The most common side effects of psychostimulants are reduction in 
appetite, loss of weight, and problems in falling asleep. These side 
effects are usually managed effectively by changing the dose of the 
medication. 
Contrary to popular perception, psychostimulants can also be effective 
with adolescents and adults with ADD.  Antidepressants, used less 
frequently for ADD, have been shown to be effective with some children. 
They are used when contraindications to psychostimulants exist, or when 
psychostimulants have been ineffective or have resulted in unacceptable 
side effects.  
Changing behavior: Parent training, behavior management techniques, 
specially designed educational interventions -- all are designed to help 
the child with ADD adapt to his or her disability and succeed in the 
school and home and with peers. Once the child, parents and teachers 
understand that the child has a neurobiologically based disability, 
frustration with poor performance lessens. The focus becomes adaptation 
and the goal becomes increasing performance. 
Behavior management is an important intervention with children who have 
ADD. The most important technique is positive reinforcement, in which 
the child is provided a rewarding response after a particular desired 
behavior is demonstrated. See the parent training discussion under 
"Parenting a Child with Attention Deficit Disorder" for implementation 
of behavior management. 
Parents, teachers and therapists work to create an environment that 
maximizes the child's probability of success.

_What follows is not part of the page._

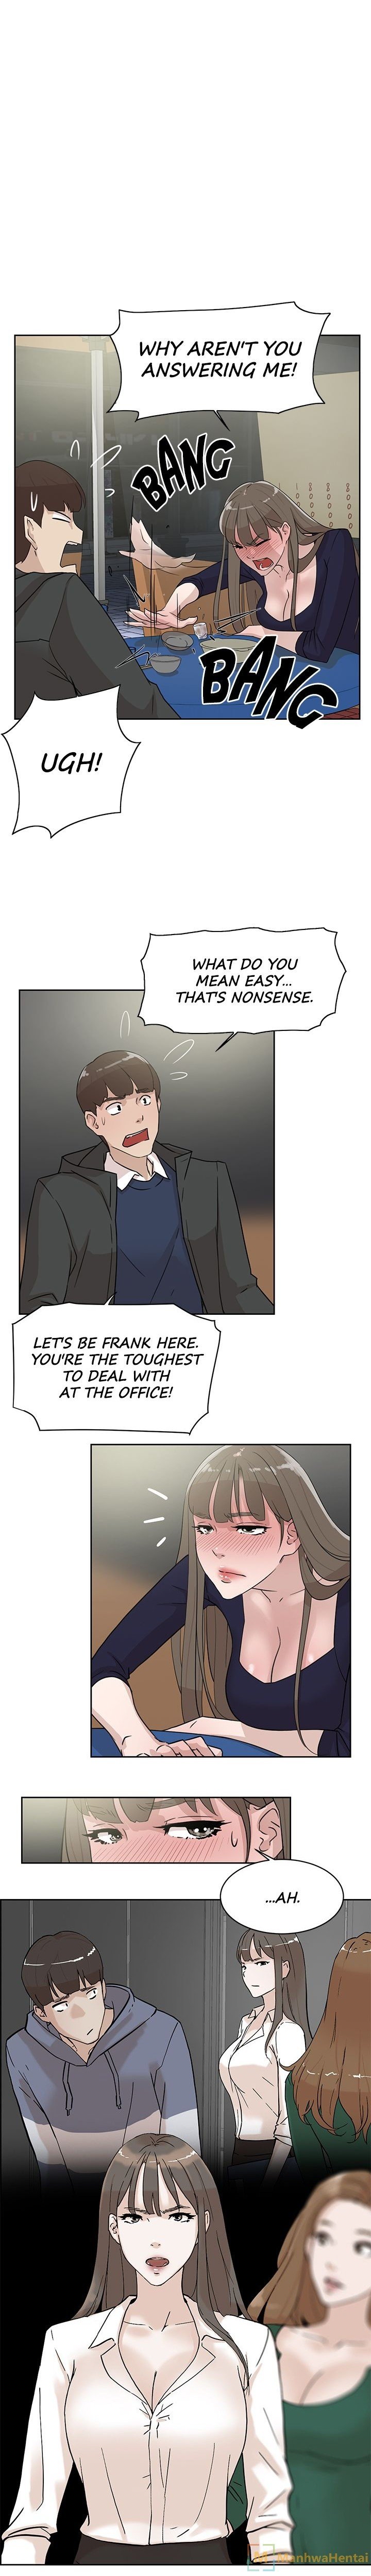 office-affairs-chap-31-1

Classroom success may require a range of interventions. Most children 
can be taught in the regular classroom with either minor adjustments to 
the classroom setting, the addition of support personnel, and/or "pull-
out" programs that provide special services outside of the classroom. 
The most severely affected may require self-contained classrooms. (See 
"Attention Deficit Disorder in the Classroom" for further discussion.)